▸ Problem requirements: All lines from the one containing "Bearded dragon in owner's palm" through the final line of the listing below, and no others, must be returned exactly; no pictures belong in the copy.

▸ Available data:
--------------------------------------------------
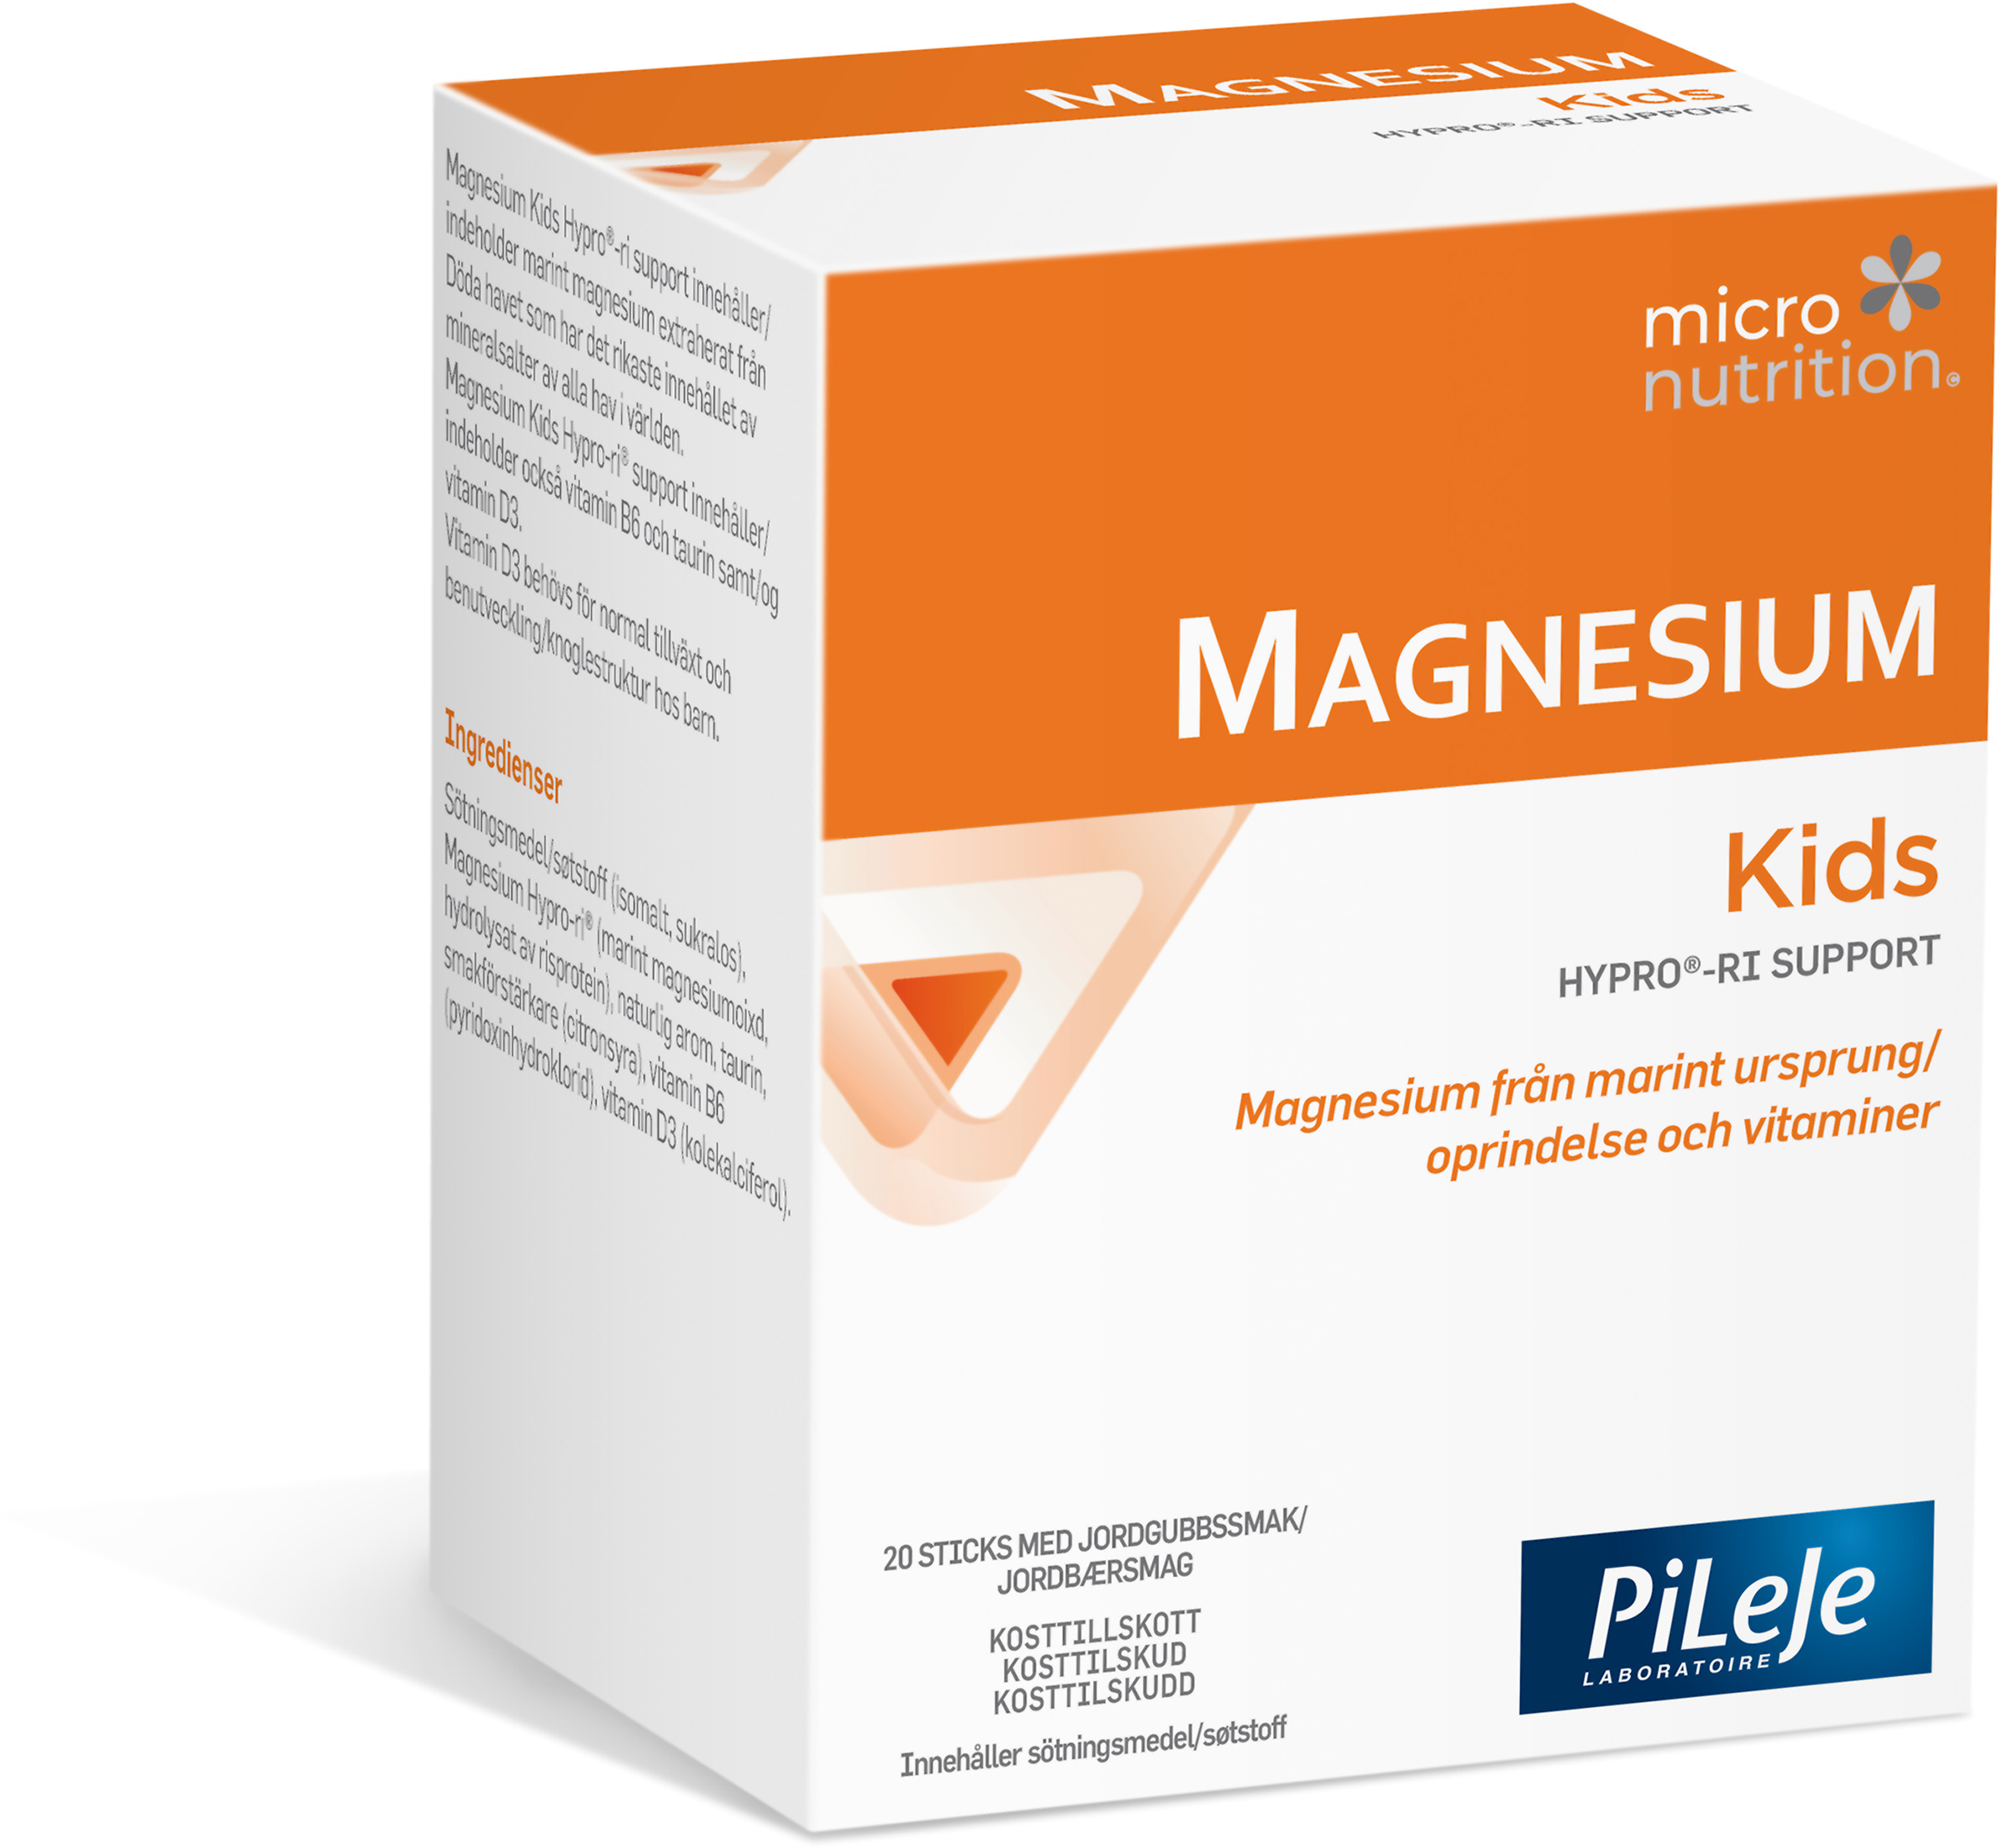 Micronutrition Magnesium Kids Hypro-ri support 20 st
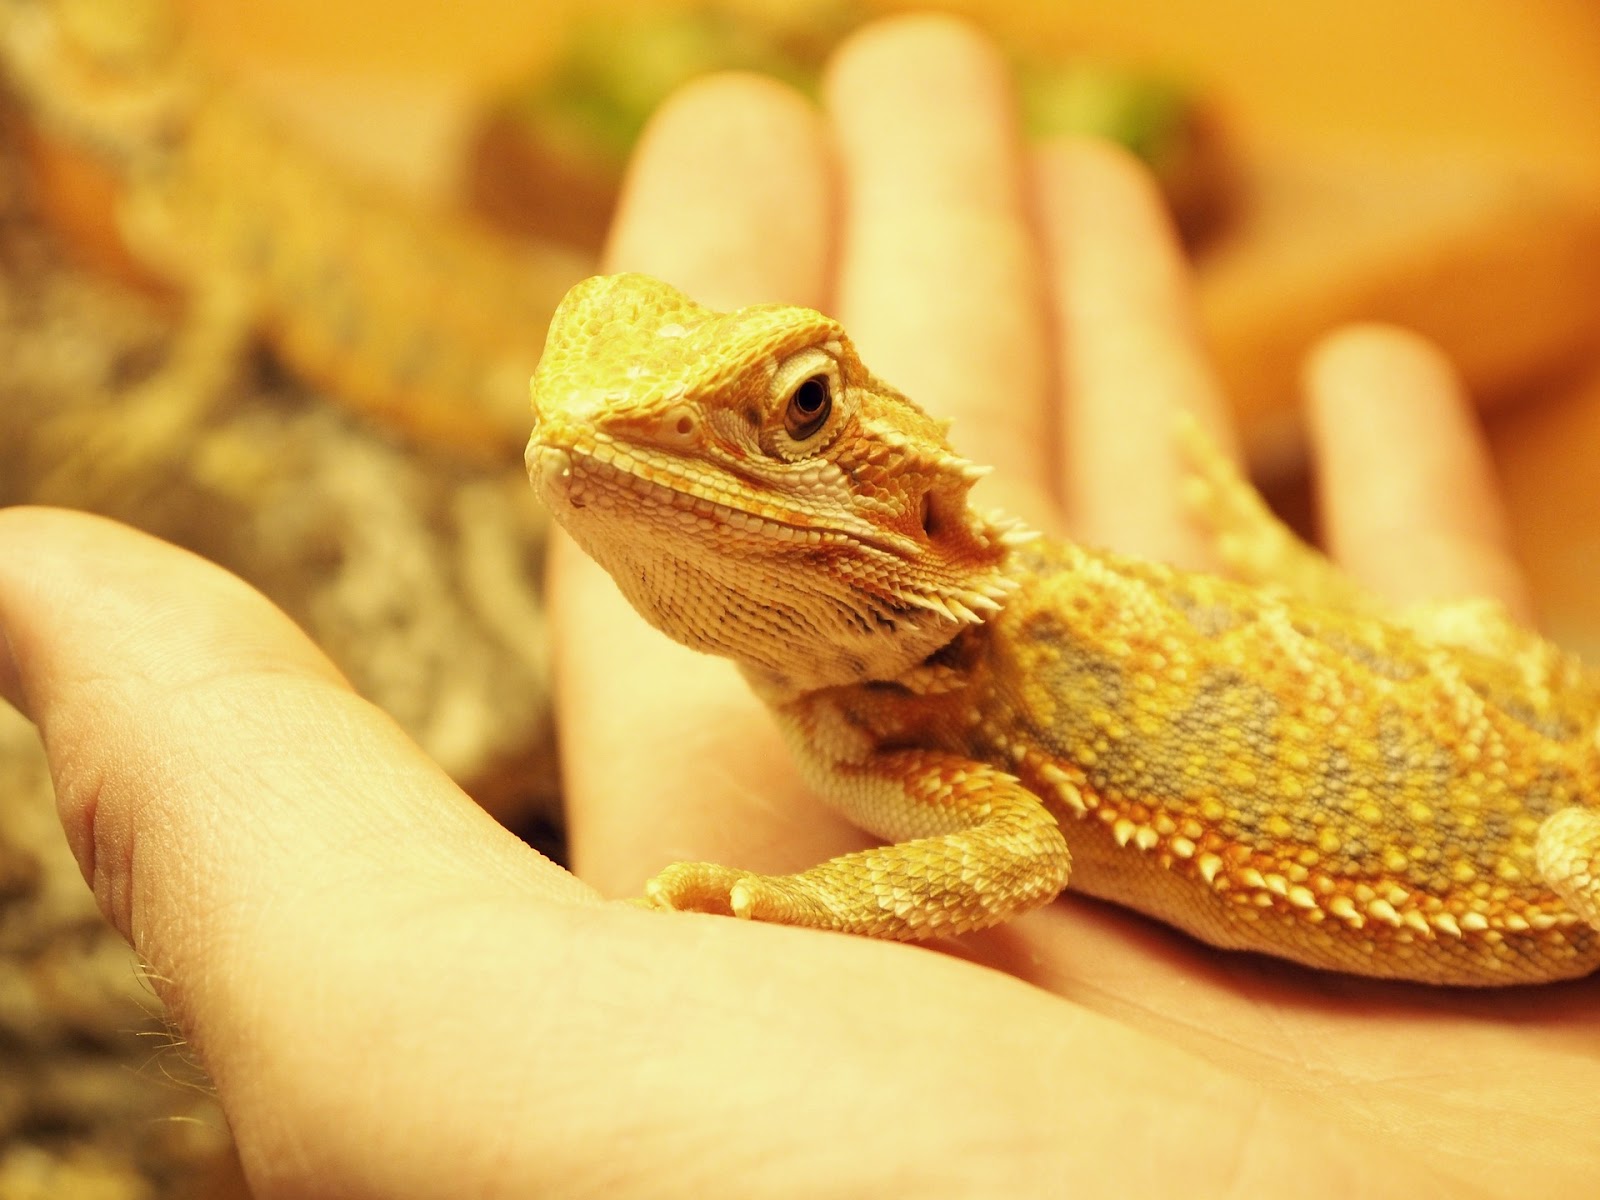 Bearded dragon in owner's palm
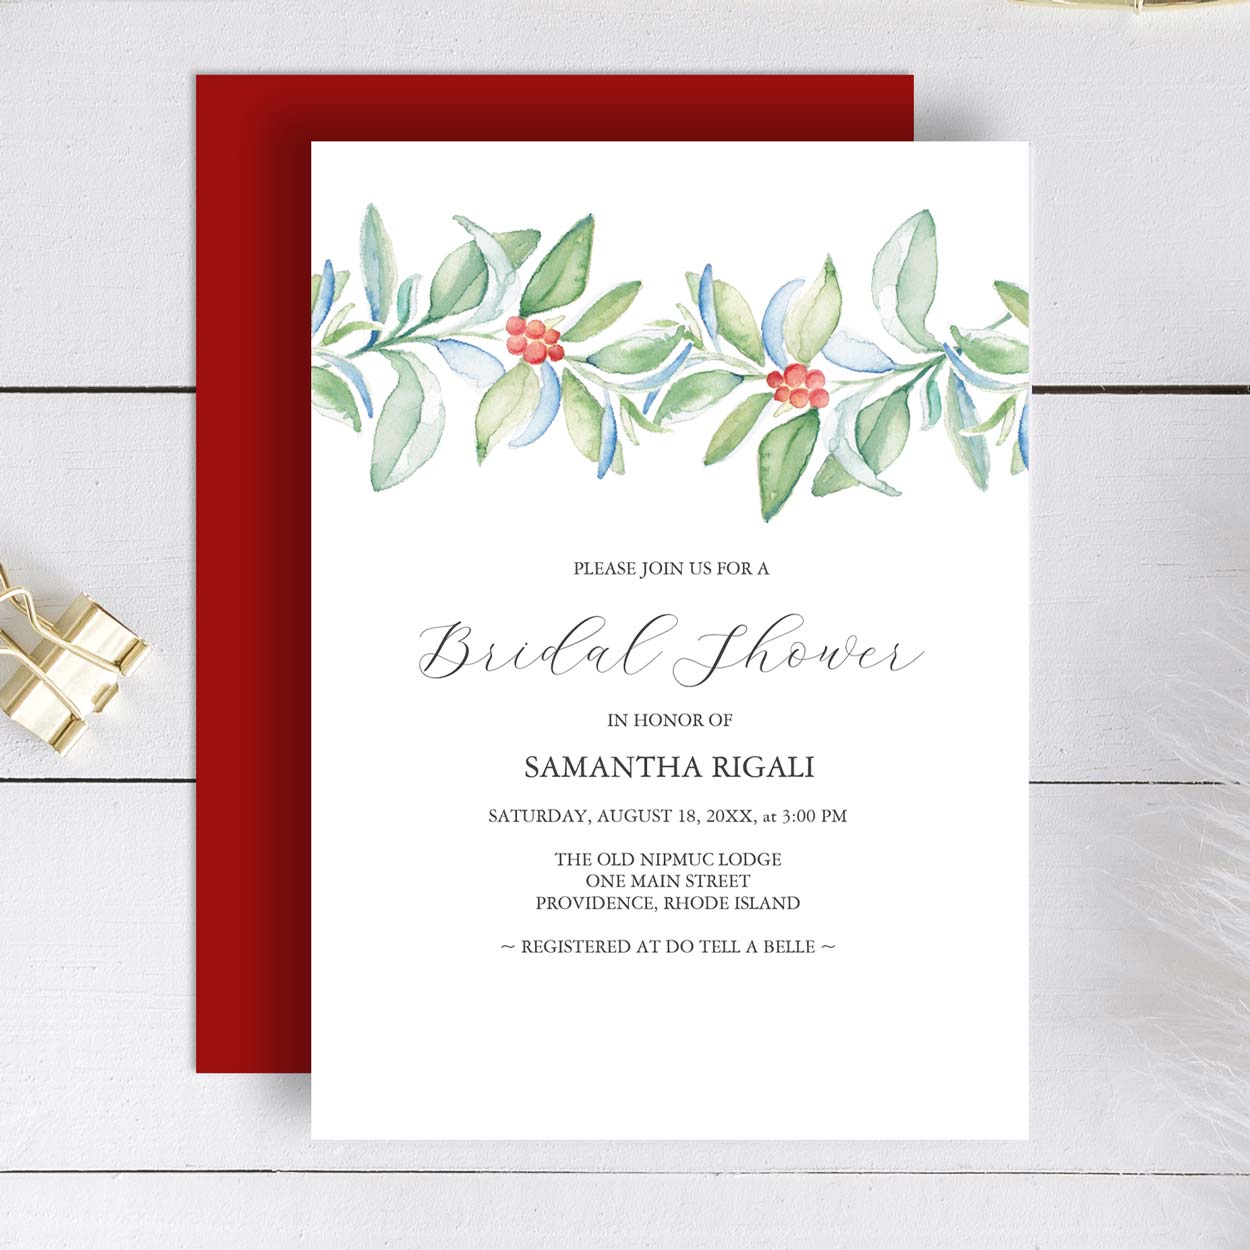 Winter bridal shower invitations features a top boarder of Christmas greenery and red berries watercolor art by Victoria Grigaliunas. Click to shop.
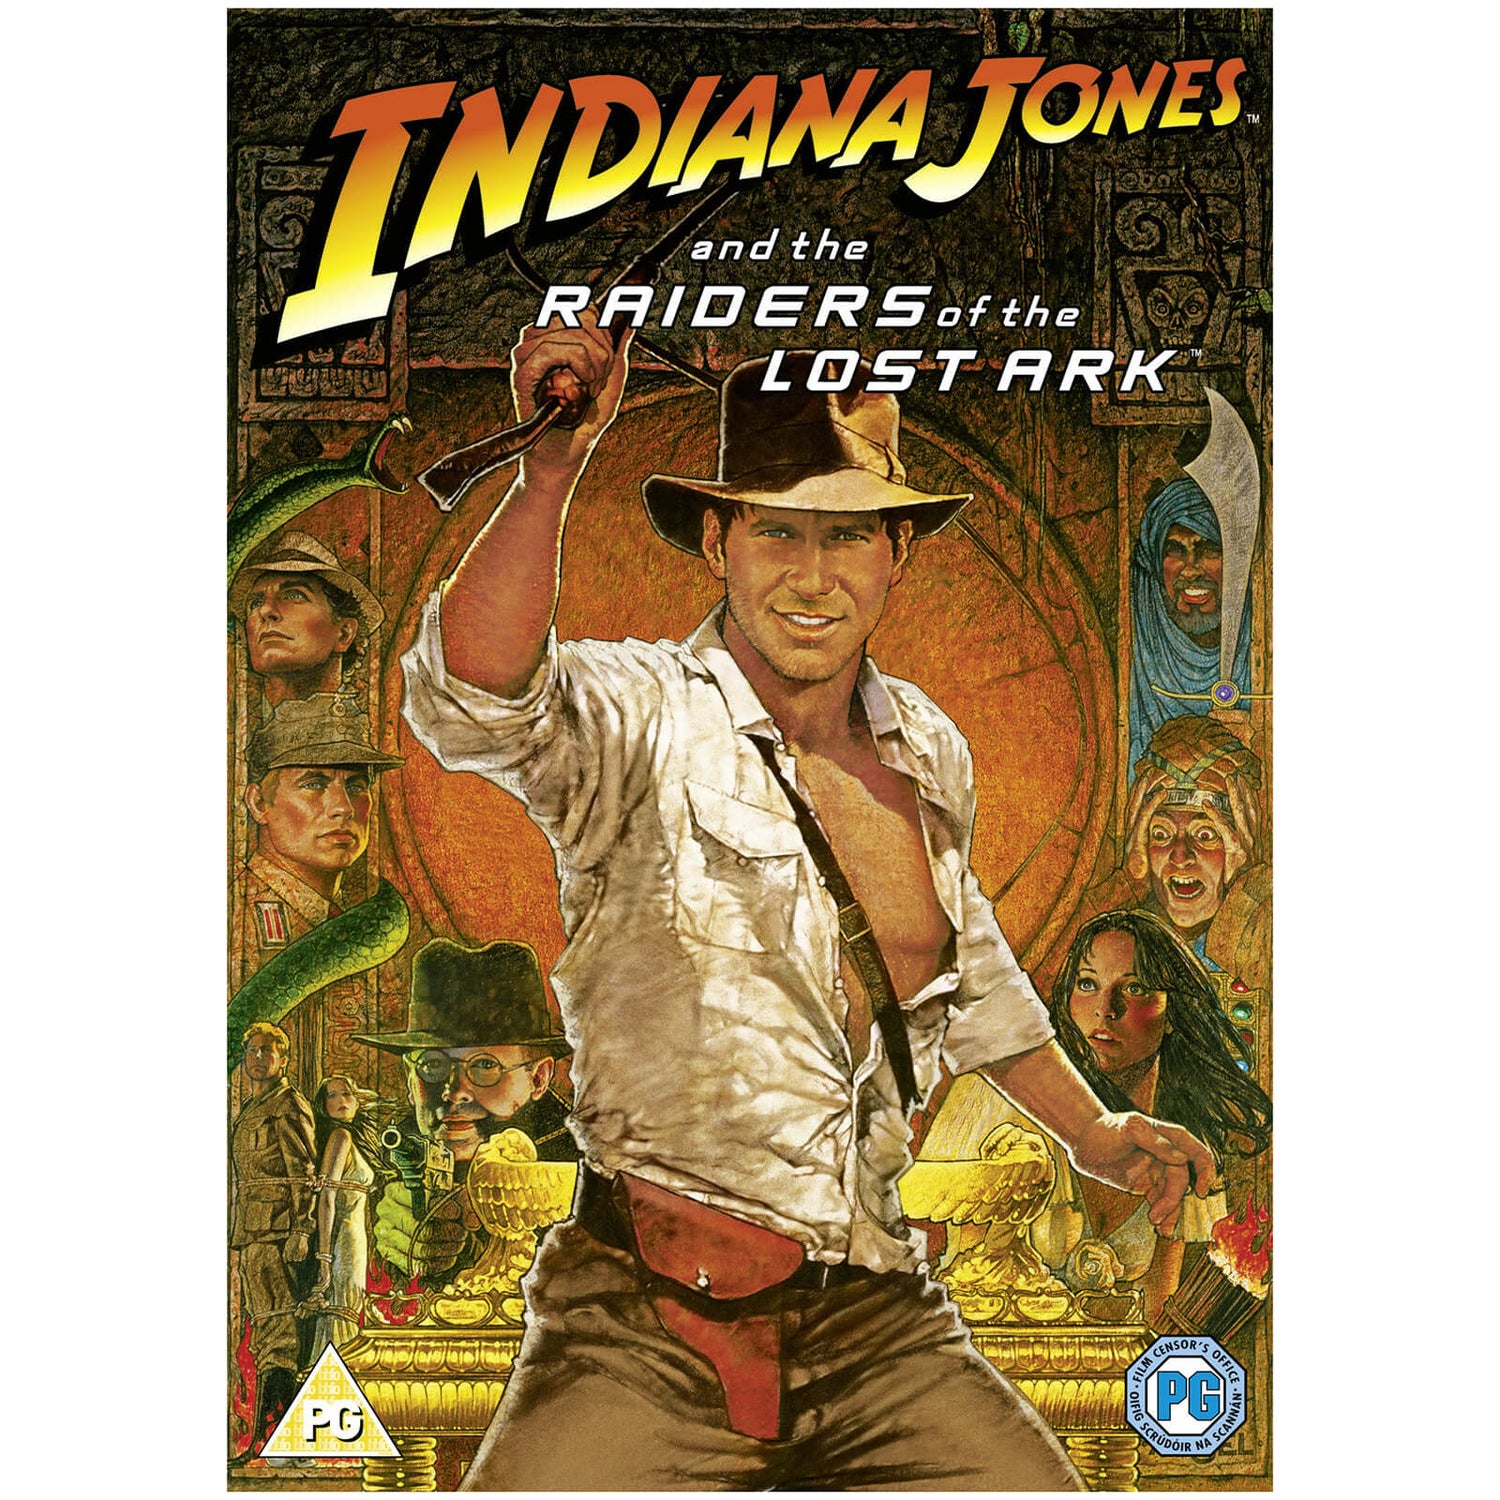 Raiders Of The Lost Ark [Special Edition]
--------------------------------------------------
▸ Solution to this task:
 Bearded dragon in owner's palm
 Winter bridal shower invitations features a top boarder of Christmas greenery and red berries watercolor art by Victoria Grigaliunas. Click to shop.
 Raiders Of The Lost Ark [Special Edition]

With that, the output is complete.